意地悪上司に求愛されています。(原題 レア系女史の恋愛図鑑)
「さすがに言い過ぎだったかもしれないわね」
誰もいないエレベーター内で、私の声だけが響く。ますます後悔に苛まれて、ガックリと肩を落とした。
「私……もしかしたら首かも」
あれだけ言い切ったのだから、あの田中と言えど、私のことは諦めてくれたことだろう。
だが、逆恨みして父親とタッグを組み、私をどこぞやの支社に飛ばすことを考えないだろうか。
(まぁ、それなら万々歳かしら)
仕事はなくならないし、一応沢コーポレーションの肩書きがついてくる。
実家との約束はまだ有効ということになるからだ。
しかし、首にされてしまったら……実家に戻って花嫁修行なるものをしなければならなくなるのか。
「人生ってままならないわねぇ」
仕事のことも気に掛かるが、木島のことを考えると憂鬱になる。
田中経由で、私が木島との間を否定したということが耳に入ったりなんてしたら、きっと恐ろしいことになるだろう。

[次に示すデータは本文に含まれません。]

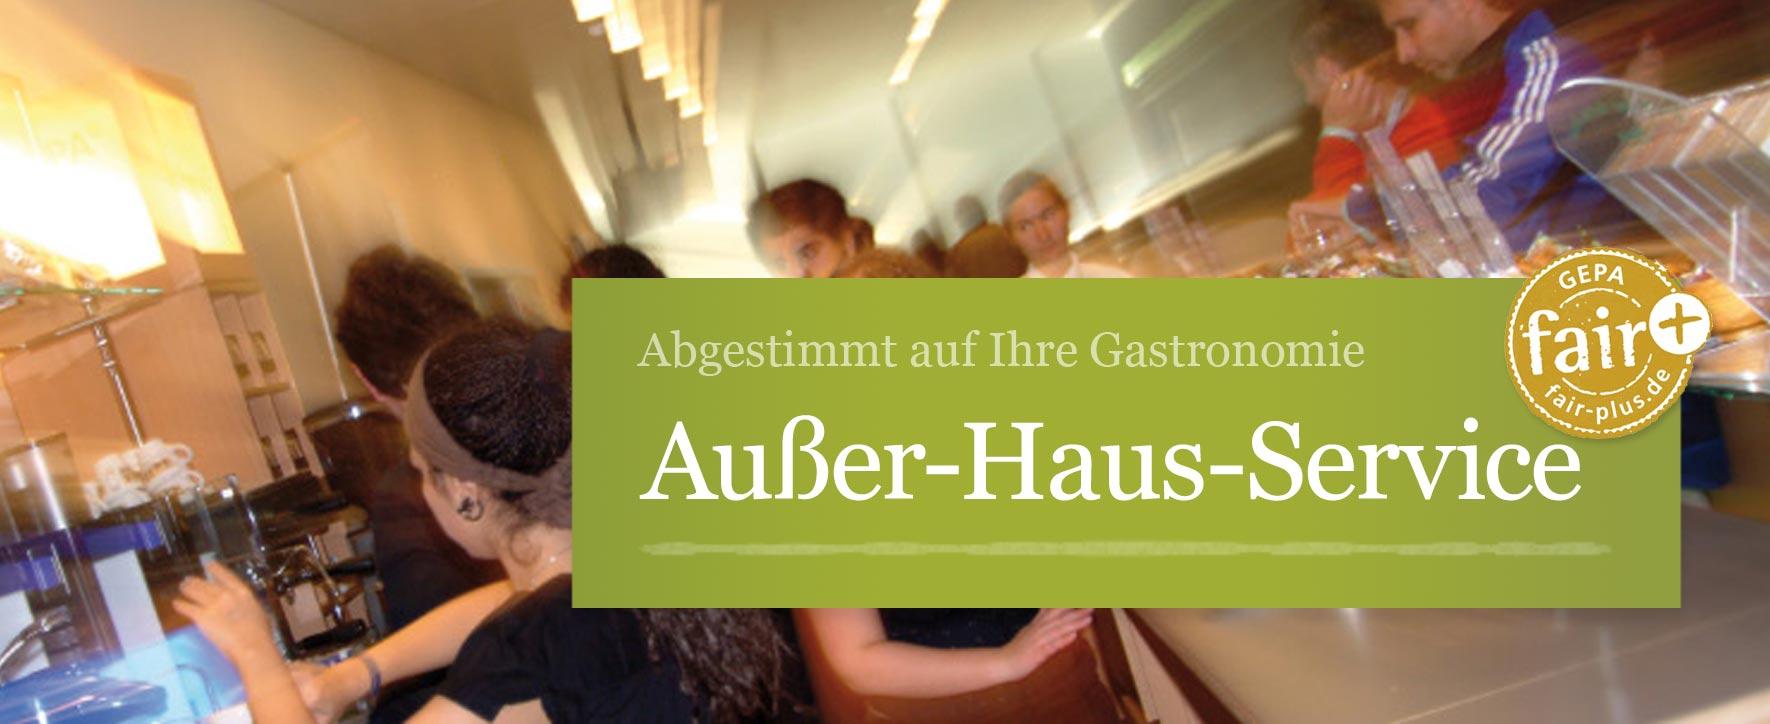 Außer-Haus-Service – Foto: ©

「あーあ、私を早く地方の支社に飛ばしてくれないかしら」
それが一番の解決方法かもしれない。
これからどう転んでいくのか。考えれば考えるほど悪い方に転がってしまうように思う。
勢いに任せて今までの鬱憤を晴らし、モヤモヤした感情はすっきりしたが、今後のことを考えると後悔の念が襲ってくる。
もう少し冷静に対処すべきだった。
だがしかし、言ってしまったものは取り返しがつかない。
私はエレベーター内で大きくため息をついたのだった。